Wednesday 19th August 2020 14:42 GMT Mike 137
Getting it right
El Reg: "Pegasus Mail is said to be affected though it doesn't have a designated CVE – it may be that one of the unidentified CVEs applies here."
The paper: "Similar attacks were found in 2000 for Pegasus... " ref: CVE-2000-0930 (Pegasus Mail 3.12)"
There are no subsequent reports. Pegasus is now at V4.73 (2018) and uses entirely different transport security mechanisms.
Pegasus is, and always has been, generally very robust and bug free, so don't take the Reg's negative implication as gospel.
Wednesday 19th August 2020 18:24 GMT Paul Hovnanian
Lets see ...
My web page has a mailto link.
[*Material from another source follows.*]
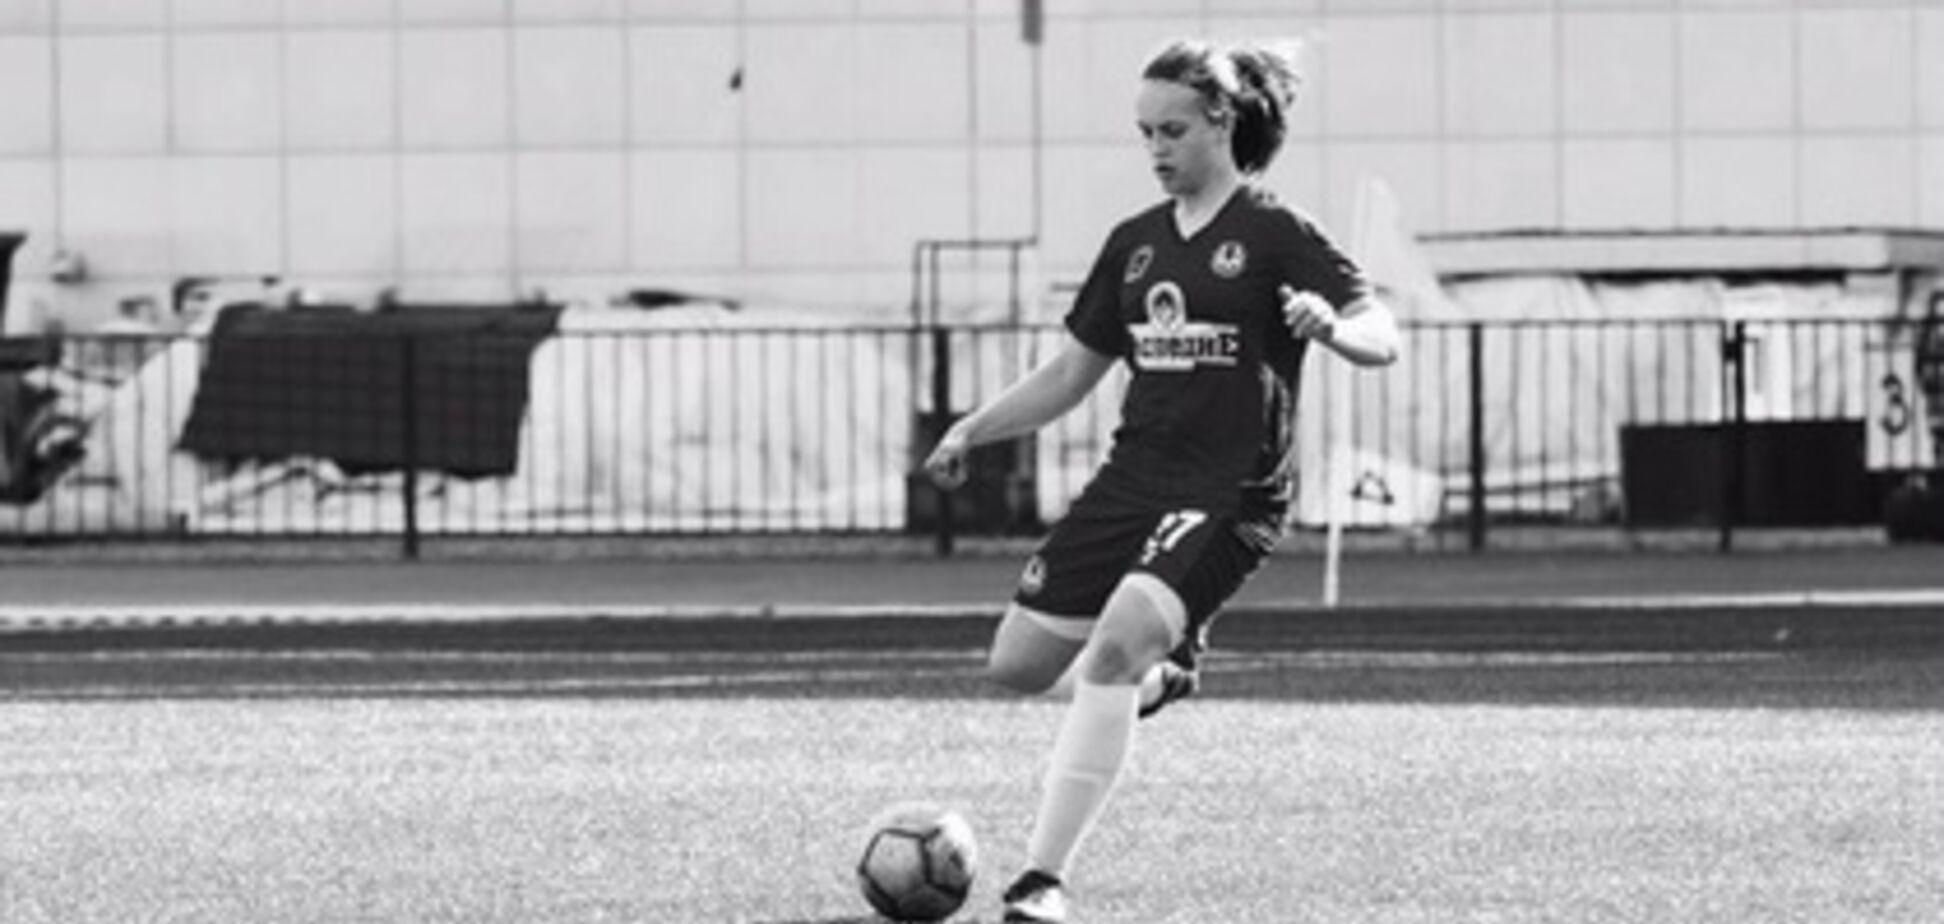 Российская футболистка-чемпионка умерла в 23 года от остановки сердца

But the web server that hands out that link runs as a relatively untrusted user on my machine*. And all of the private keys, security tokens and other detritus needed to support encryption/decryption/certificate signing reside outside of the scope of its permissions. How is it going to get hold of anything interesting?
*Actually, my web page is hosted on a completely different machine in a data center in a city far, far away from my e-mail clients. My MX record doesn't point to anything more interesting than a system that knows where to forward my stuff.
Wednesday 19th August 2020 20:26 GMT doublelayer
Re: Lets see ...
It has nothing to do with your server. That's as secure as it was before. It's your users who might have the problem if you decided to alter the content of the pages you are pushing out. Specifically, if you modified the link, they clicked the link, their mail client didn't block your change, they didn't see your modification, and they sent a message, you could get them to divulge a file from their system.